Finance Section Chief Melissa Haley reported she was in the final stages of the final close out with FEMA.
Due to the High Alert Level in Sitka, Sitka Unified Command recommends continued mitigation: face coverings are strongly encouraged for individuals regardless of vaccination status, maintaining physical distance of 6 feet along with following CDC guidelines CDC Guidelines.
We urge citizens to remain diligent and practice proper hygiene measures, such as washing your hands often, avoiding close contact with others. In addition, get tested but stay home if you feel ill, wear a face covering when around others, and clean and disinfect objects and surfaces on a regular basis.

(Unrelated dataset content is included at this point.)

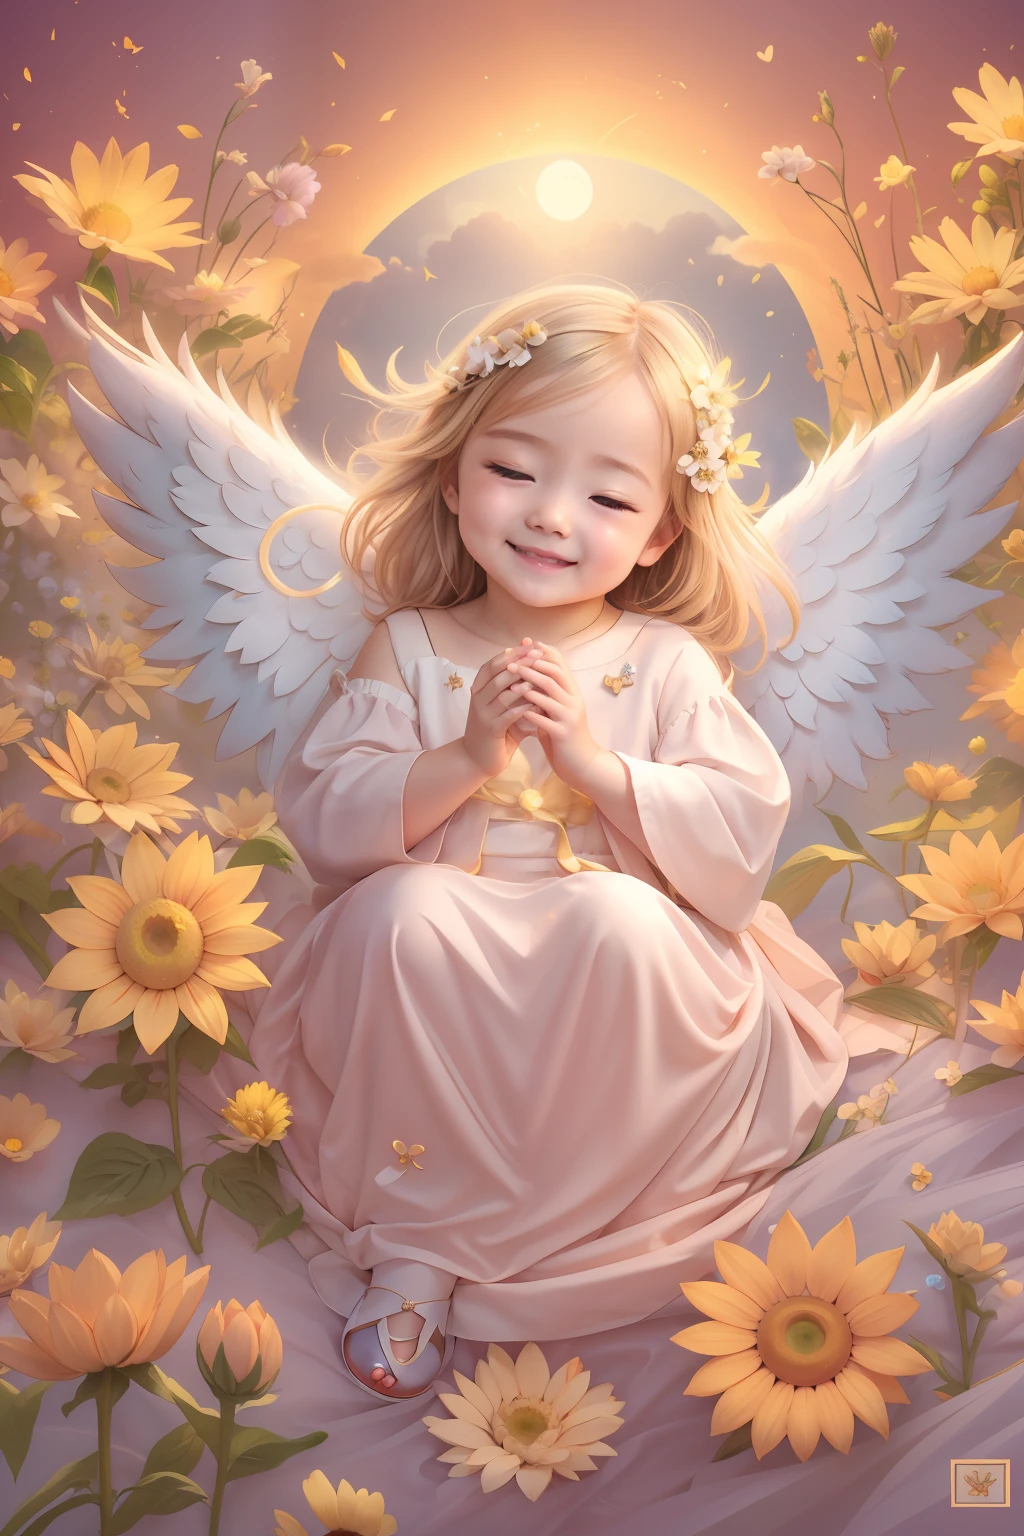 Segen der Engel､Heller Hintergrund、fullmoon、Sonnenblume、Herzzeichen、Zärtlichkeit､Ein Lächeln、Sanft､Baby Engel
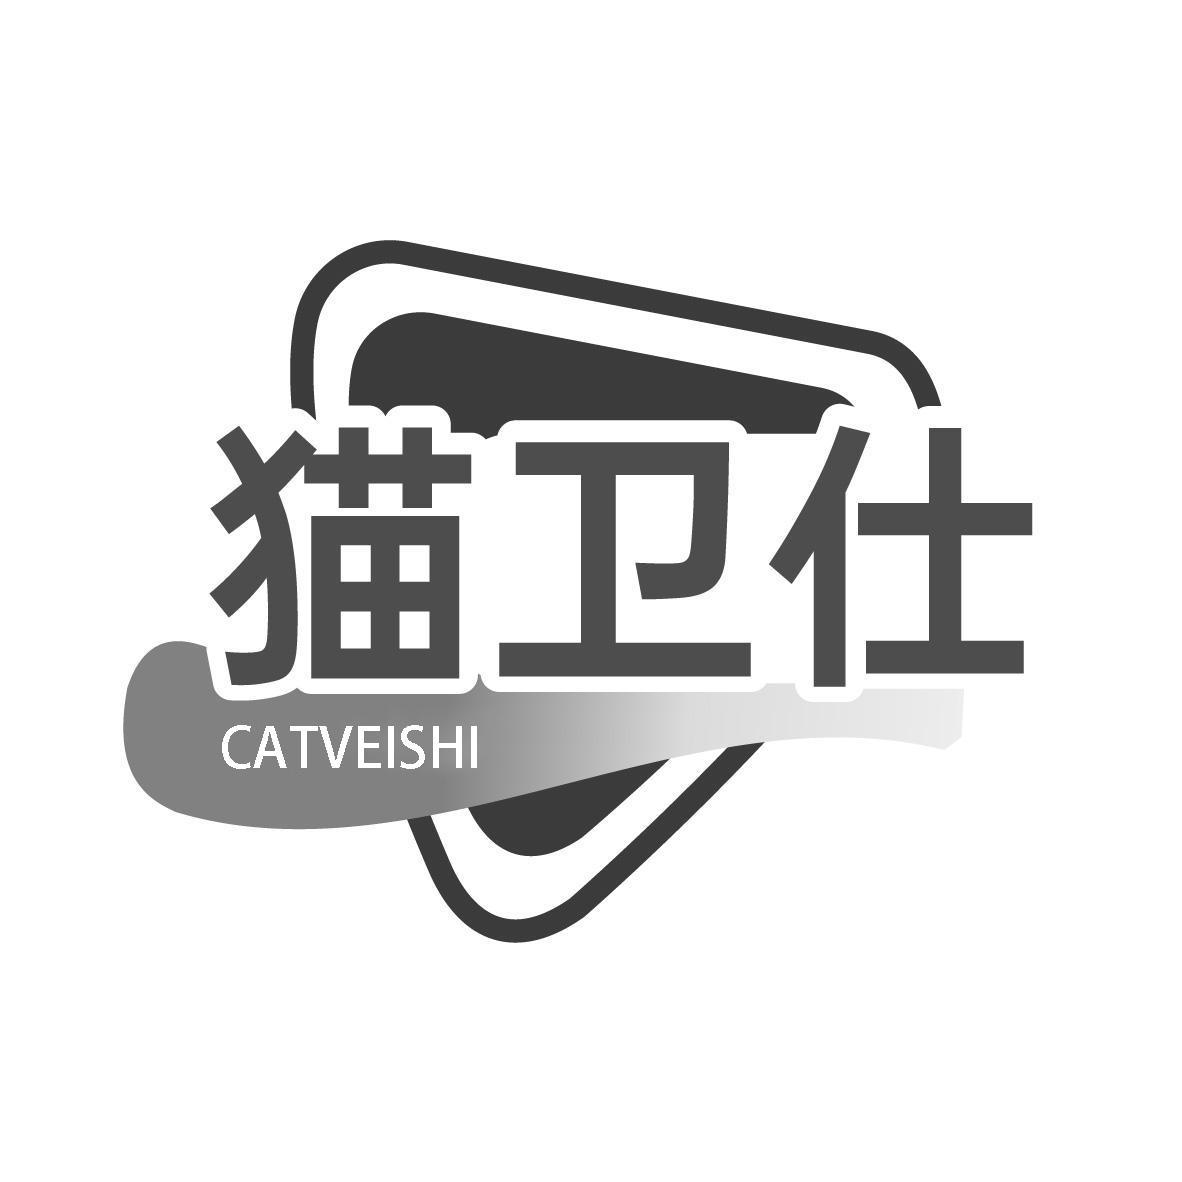 猫卫仕 CATVEISHI 商标公告

COVID-19 symptoms are similar to the flu – fever, aching, cough, sore throat, shortness of breath, and sometimes decreased sense of taste and smell. If you are concerned you might have contracted the coronavirus contact the COVID hotline at 966.8799. Outside of normal clinic hours, patients can contact the SEARHC 24/7 Nurse Advice Line at 1.800.613.0560 to be triaged by a registered nurse.
The Sitka Emergency Unified Command continues to urge citizens to enroll for a vaccination online with Harry Race Pharmacy at Harry Race Pharmacy and with SEARHC at https://covid19.searhc.org/. According to the Center for Disease Control and Prevention (CDC), COVID-19 vaccines have demonstrated to be safe and effective. COVID-19 vaccines reduce the risk of people spreading the virus. Being vaccinated is the best way to protect our community.
The Emergency Operations Center encourages residents to prepare for any local emergency by ensuring each family member has a 14- day emergency supply kit, including any necessary medications.